## [Data provided]
========================

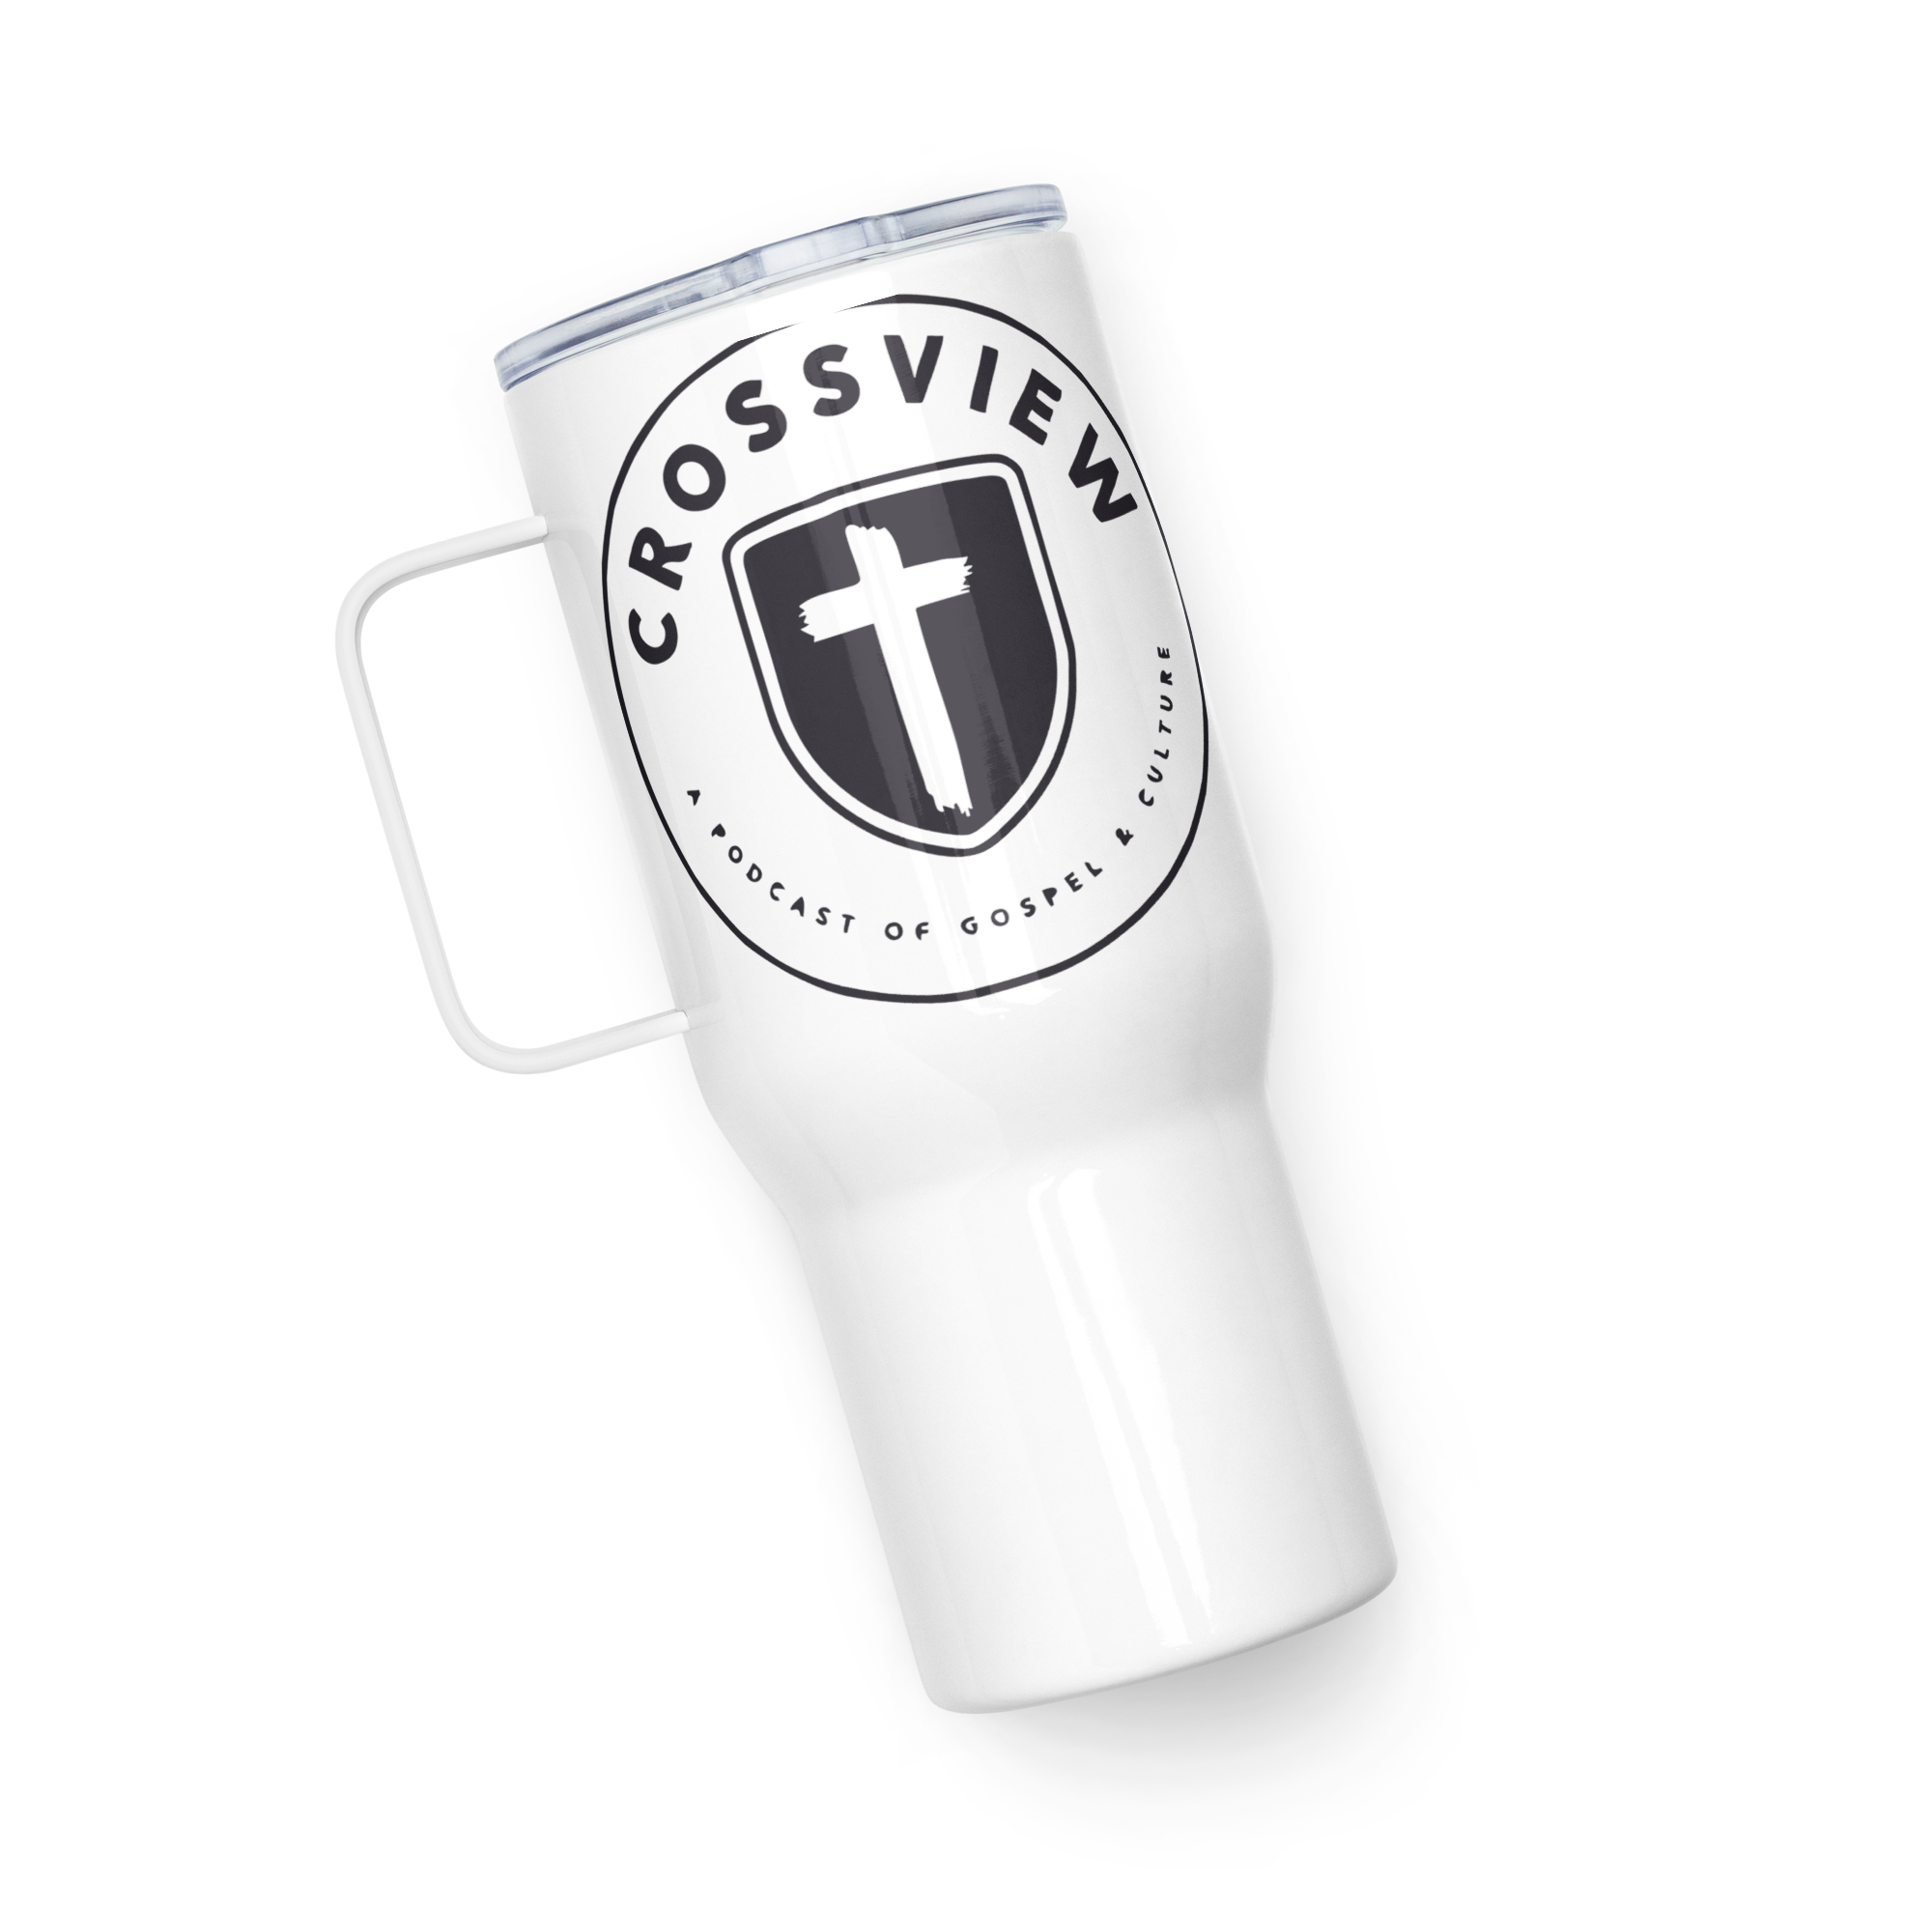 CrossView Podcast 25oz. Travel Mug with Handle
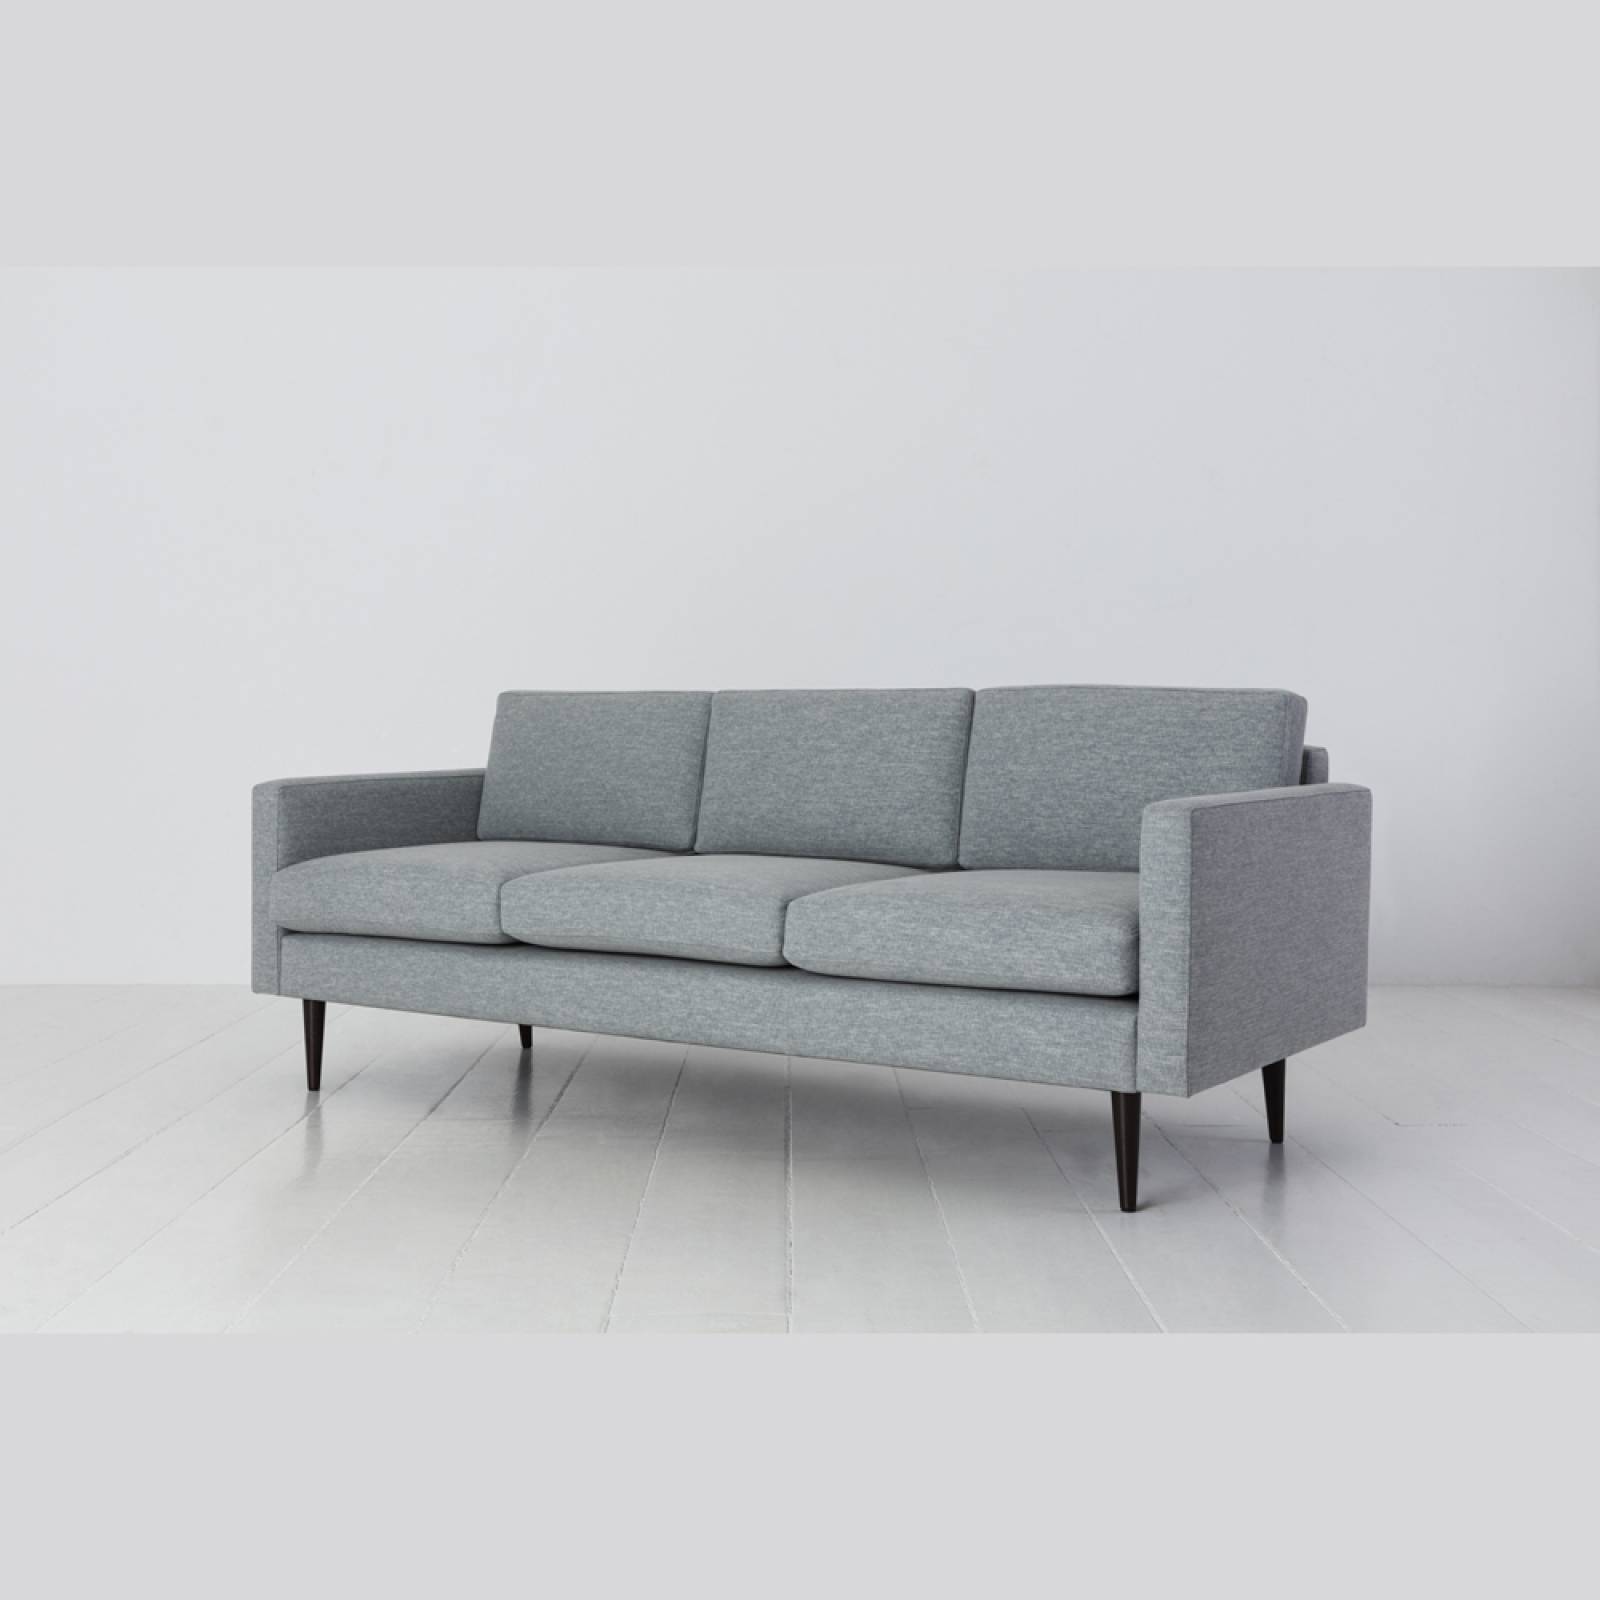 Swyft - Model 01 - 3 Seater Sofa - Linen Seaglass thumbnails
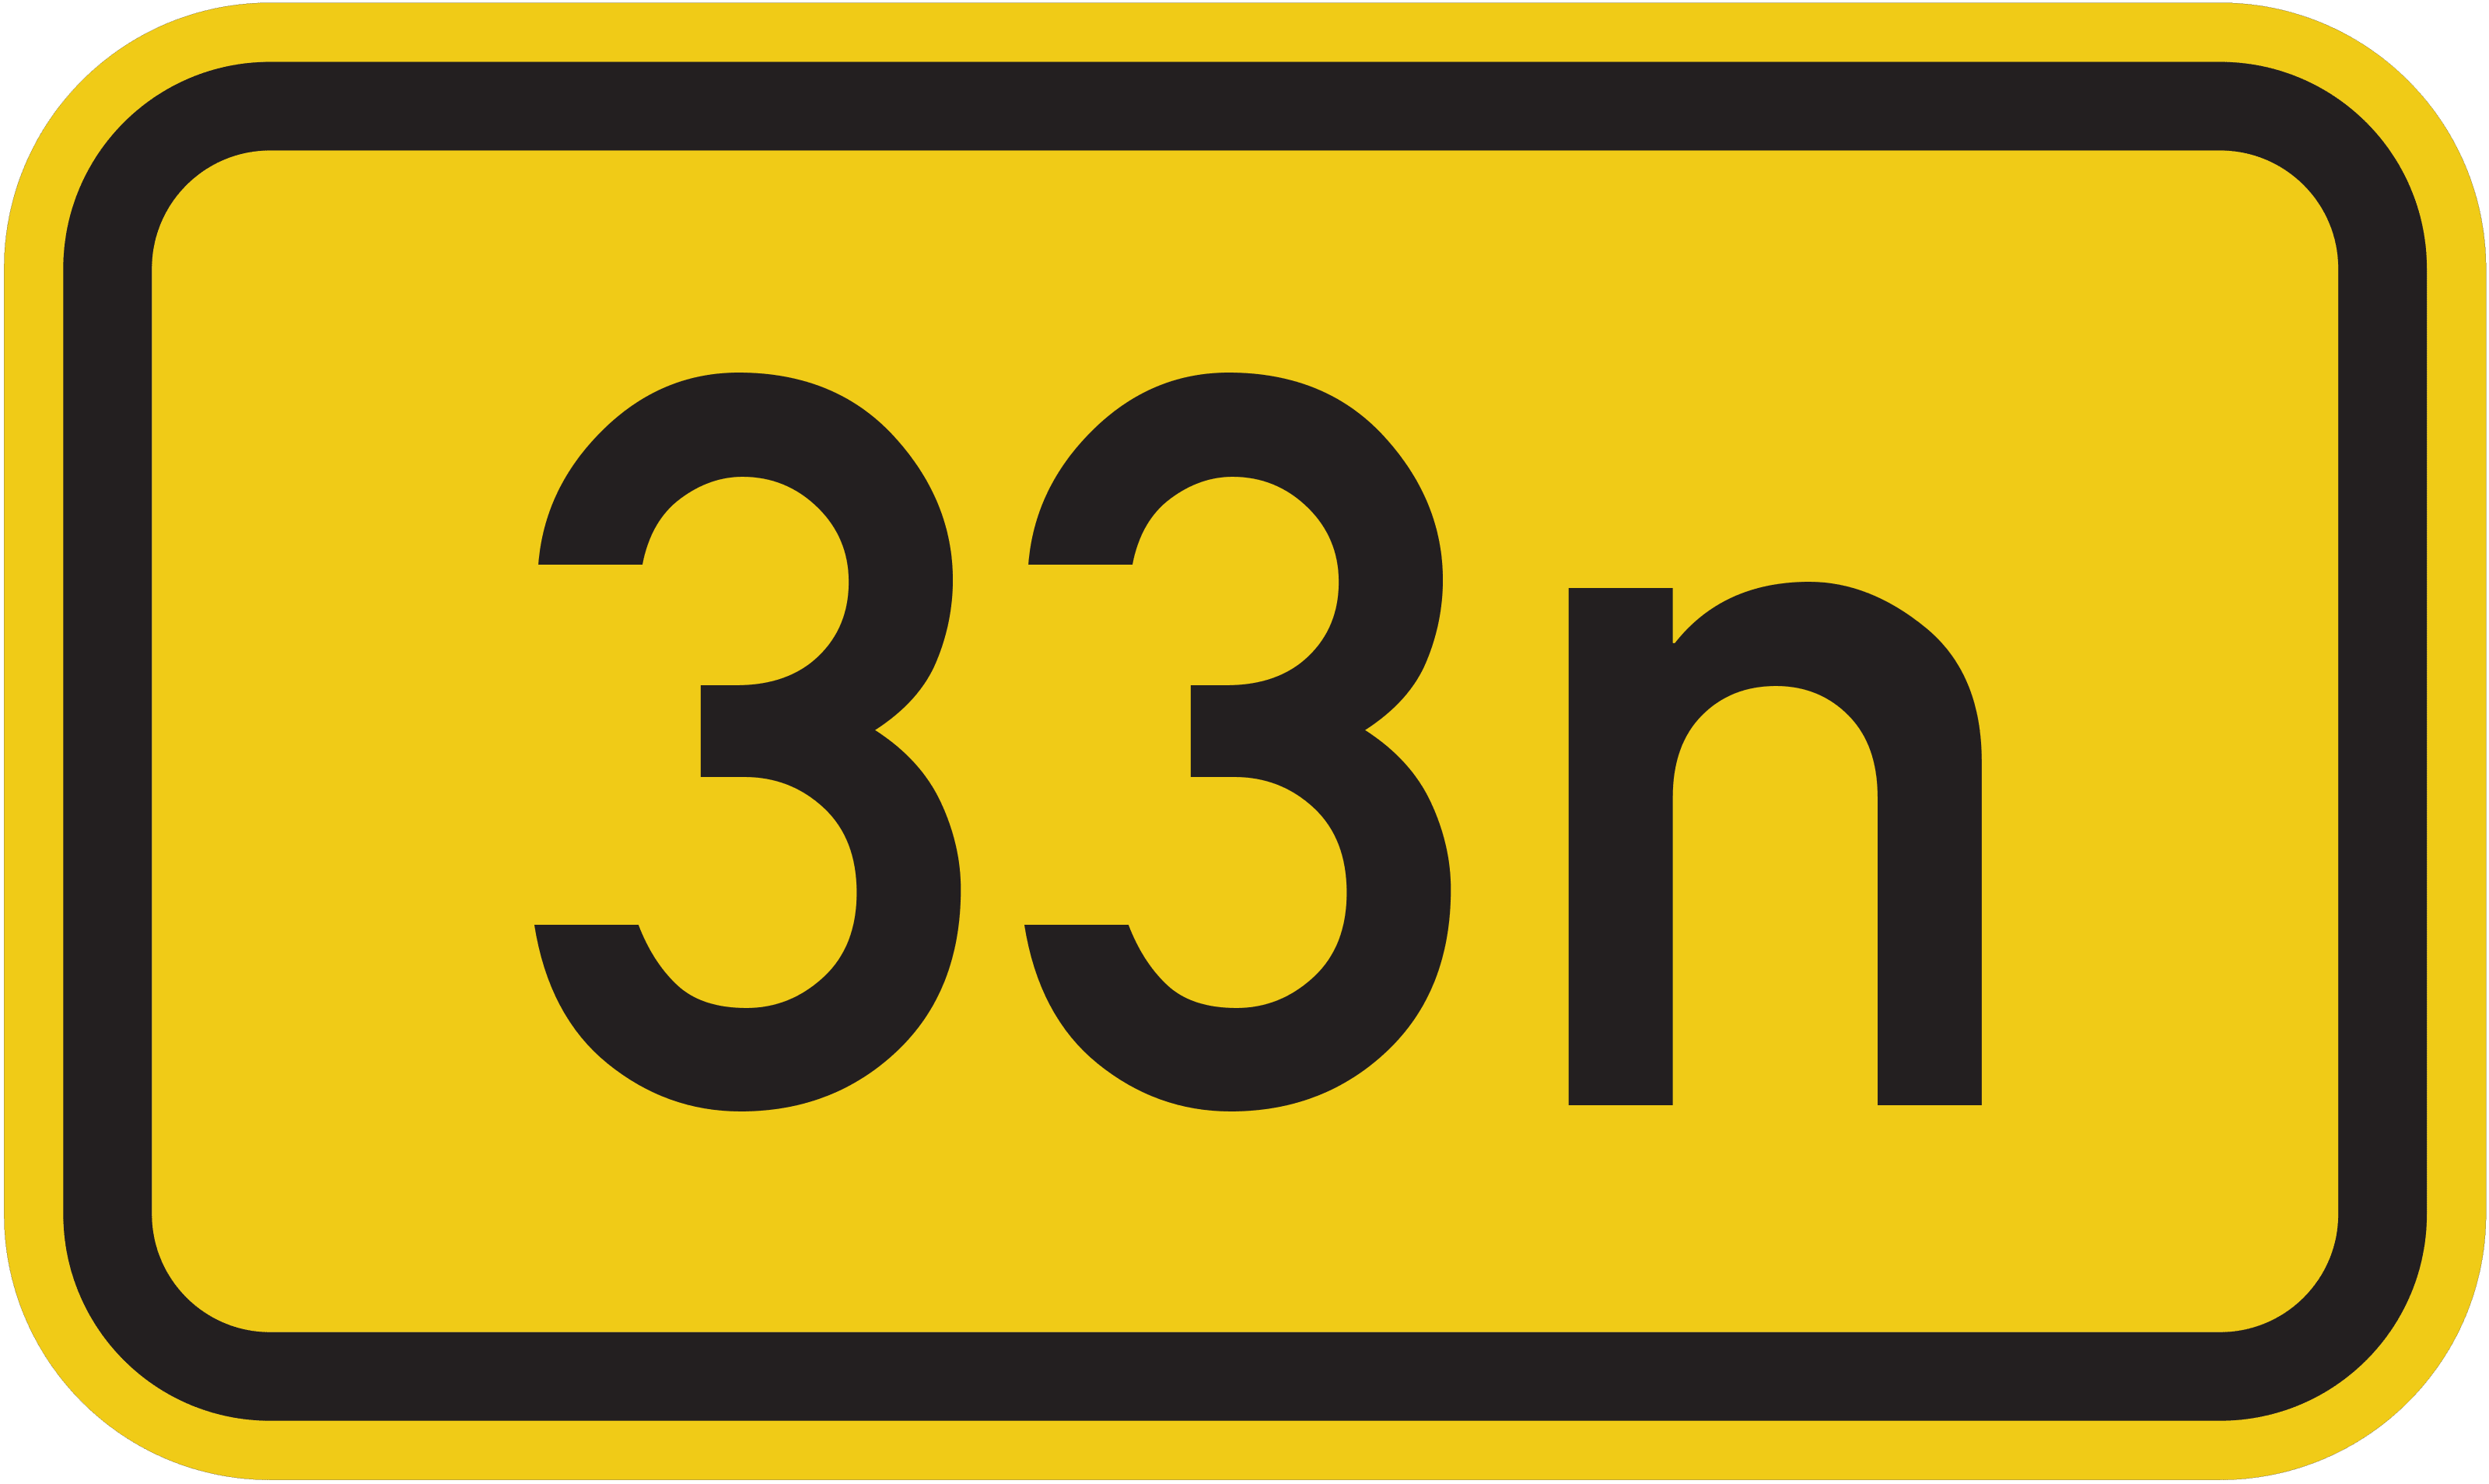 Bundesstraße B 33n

========================

## [What you are asked to do]
Please retype the lines from the one that contains "Swyft - Model" through the final line of the data, both included, without any pictures.

## [Answer section]
 Swyft - Model 01 - 3 Seater Sofa - Linen Seaglass thumbnails
 Bundesstraße B 33n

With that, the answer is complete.